With a good prospectus on where the schools have been and where they should go, Shuster would be a "team player" who is "open minded and will listen" on a wide array of ideas and themes with the skills to "mediate leading to compromises and creative solutions," which will be especially needed with budget gaps, a growing school population, the renovation of the High School and the search for a new School Superintendent.

The last time Kang had been on the Chenery's auditorium stage was when she was playing a violin as a student not that many years ago. The 2009 Belmont High School graduate who is a senior at MIT said that Belmont schools provided her an amazing education that involved academics, the arts, sports and social activities. 

"Without Belmont, I would not be where I am today," said Kang. 

Giving back

Kang said she is motivated to run to "give back to the community" to help Belmont "sustain the best education any student can have." That will involve listening to student and teacher concerns and continuing those activities and classes that have been successful in the past while being watchful of budget limits.

Slap said she ran for the School Committee three years ago – which she topped a field of first-time candidates with the most votes – because she sought to help find solutions to the problems facing the district "and I have been working hard doing just that." 

A Belmont resident for the past quarter century, Slap has been a member of numerous groups and committees including Town Meeting and joining those who successfully advocated passing a debt exclusion to build the new Wellington Elementary School.

"Maintaining quality schools is critical for our children and maintaining our property values," said the Sloan School MBA. "I believe we are at a critical juncture where we need to collaborate with the Board of Selectmen to develop a plan that will sustain us for the next five years," Slap said, which could include passing an override. 

Each candidate was open to varying degrees to securing funds from private and non-profit sources to pay for enrichment and some capital projects in the school district. 

With many schools, particularly the Wellington and Chenery, feeling the impact in class size of the sudden influx of children coming or returning to the school district in the past two years, Slap said the district and school committee must pay close attention to keep class size in the mid-"20s" as well as look at the quality of the teachers who are in those classes. 

Shuster said the district must think "creatively" to keep class populations down "whether that means redistricting or freezing enrollments." Kang would attempt to keep class sizes low to continue allowing for "one-on-one" teacher/student interaction and to use new technology and secure funding for classroom assistants to provide that extra help. 

Each of the candidates would continue to support the District's involvement with the regional METCO program that brings students from urban communities – mostly Boston – to the Belmont school district. 

As for the biggest priority they see, Slap referred to the budget including the next fiscal year budget that has a significant gap in funding. She reiterated that the town and schools must work together to lay out expectations for the next several years rather than "lurching year to year from crisis to crisis."

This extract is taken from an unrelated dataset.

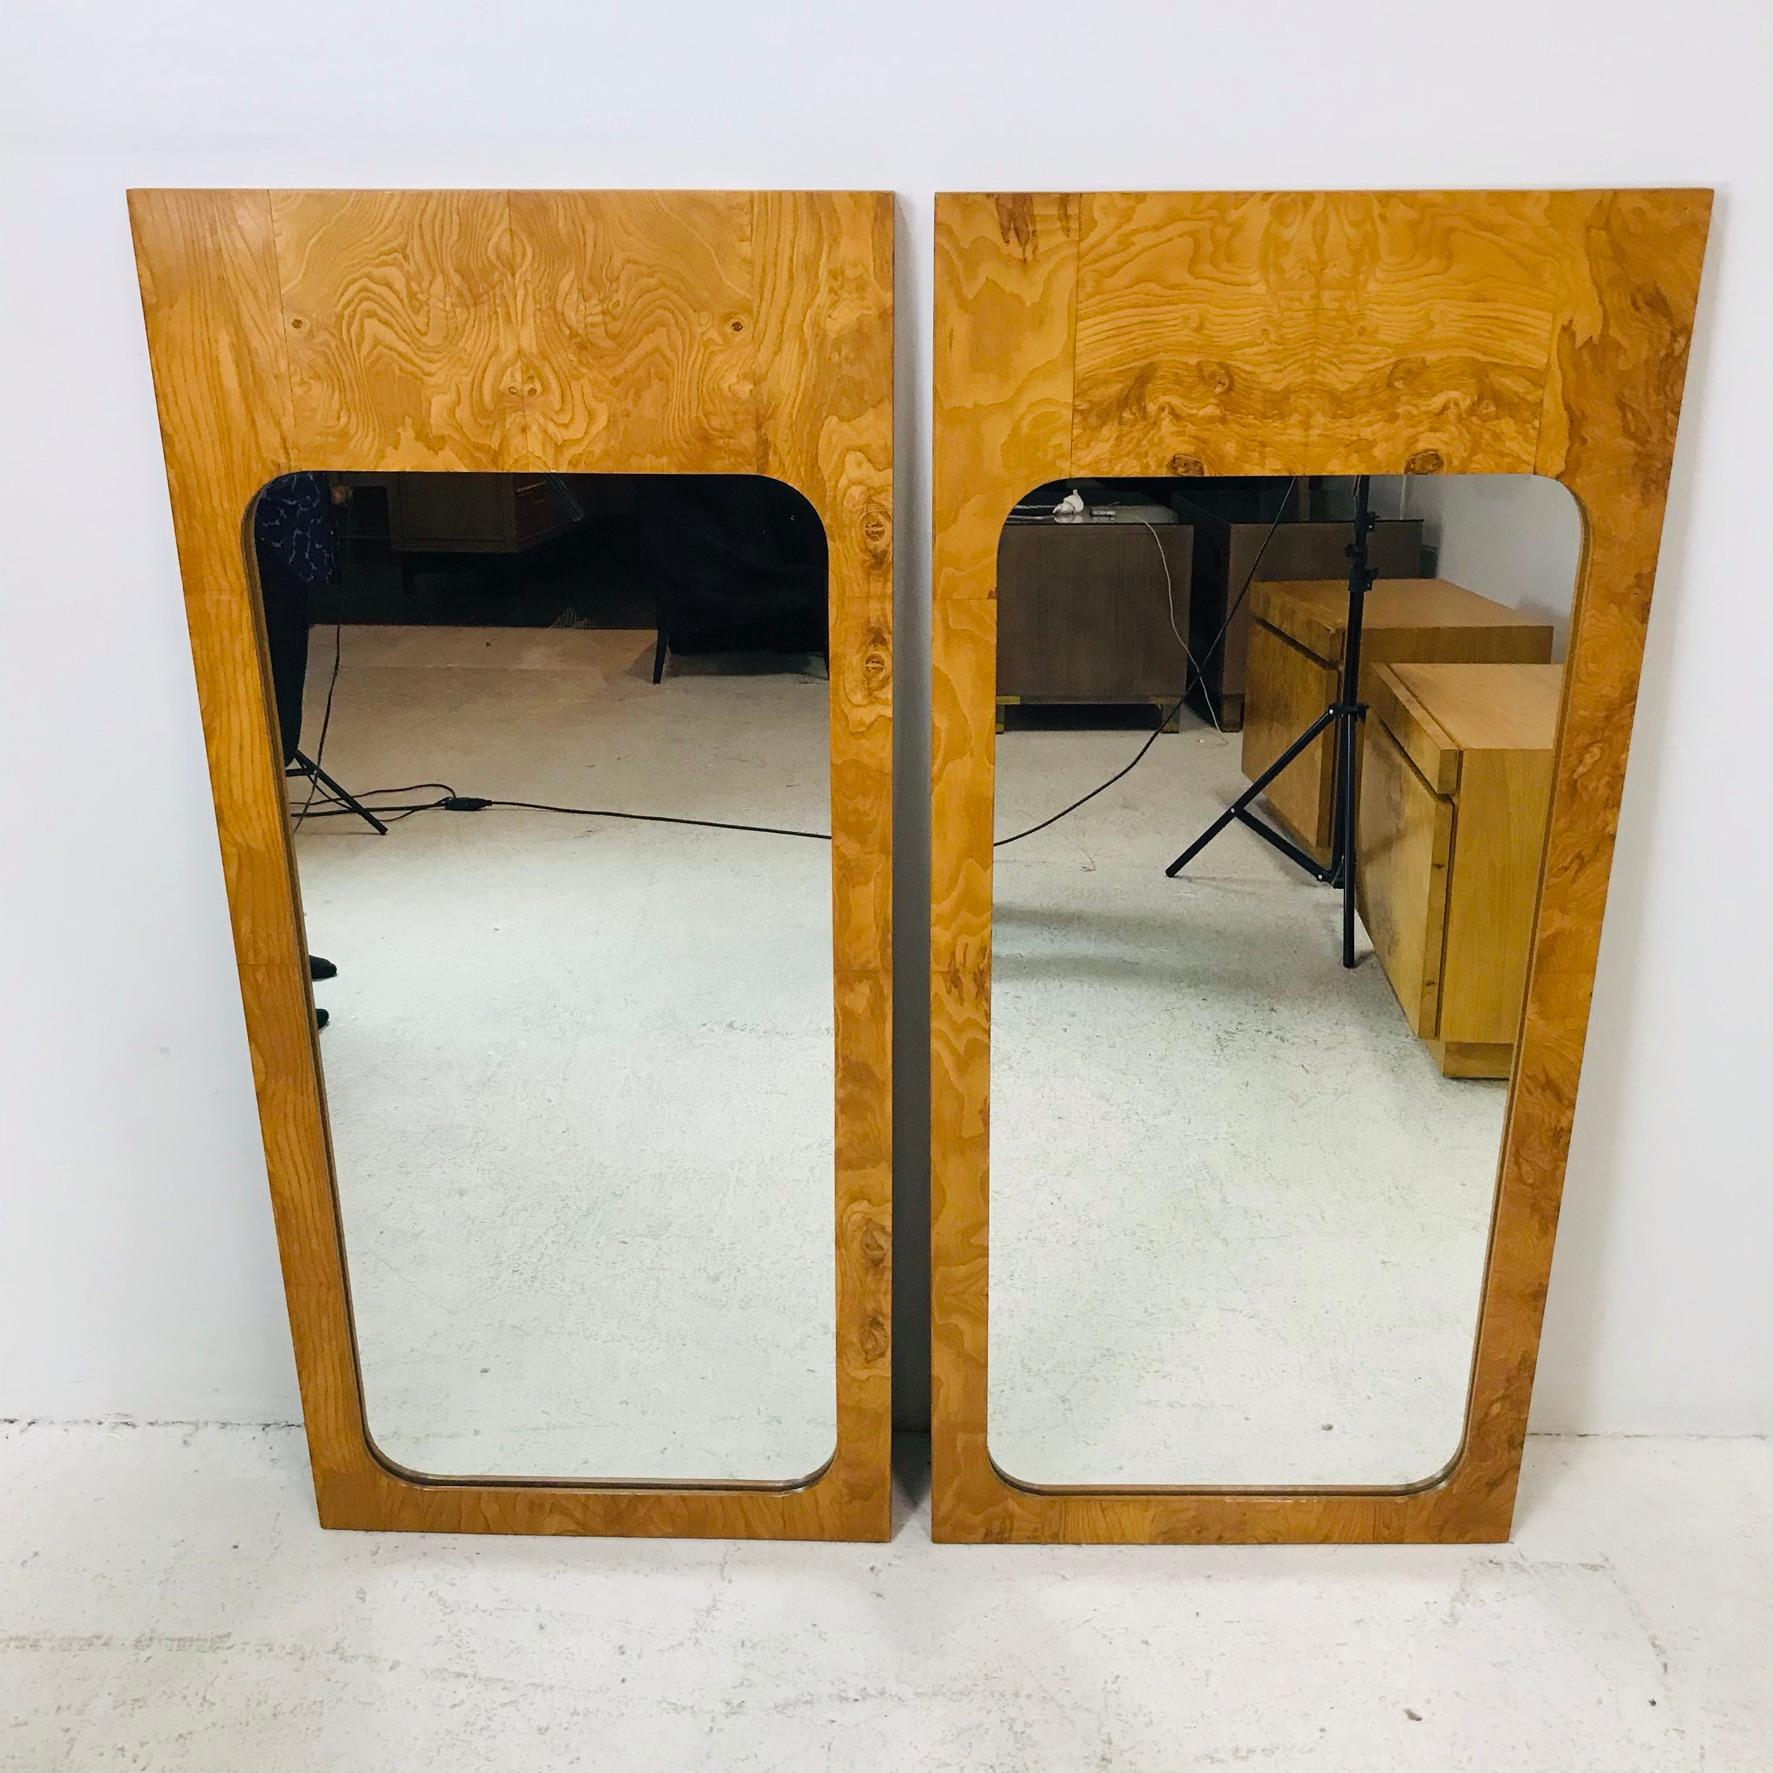 Pair of vintage Lane mid-century burl wood rectangular mirrors. Beautiful wood grain, clean modernist lines.

Shuster said in addition to the budget will be selecting a superintendent – current Belmont Superintendent Dr. Thomas Kingston's contract ends on June 30, 2014 – and its important that we do that carefully because we want stability in this position" as it will impact how the budget process is resolved.

Along with the ongoing budget process, Kang said the district needs to developing technology that is interactive and also "listening to the students which is key" as is "increasing communications" with all interested groups.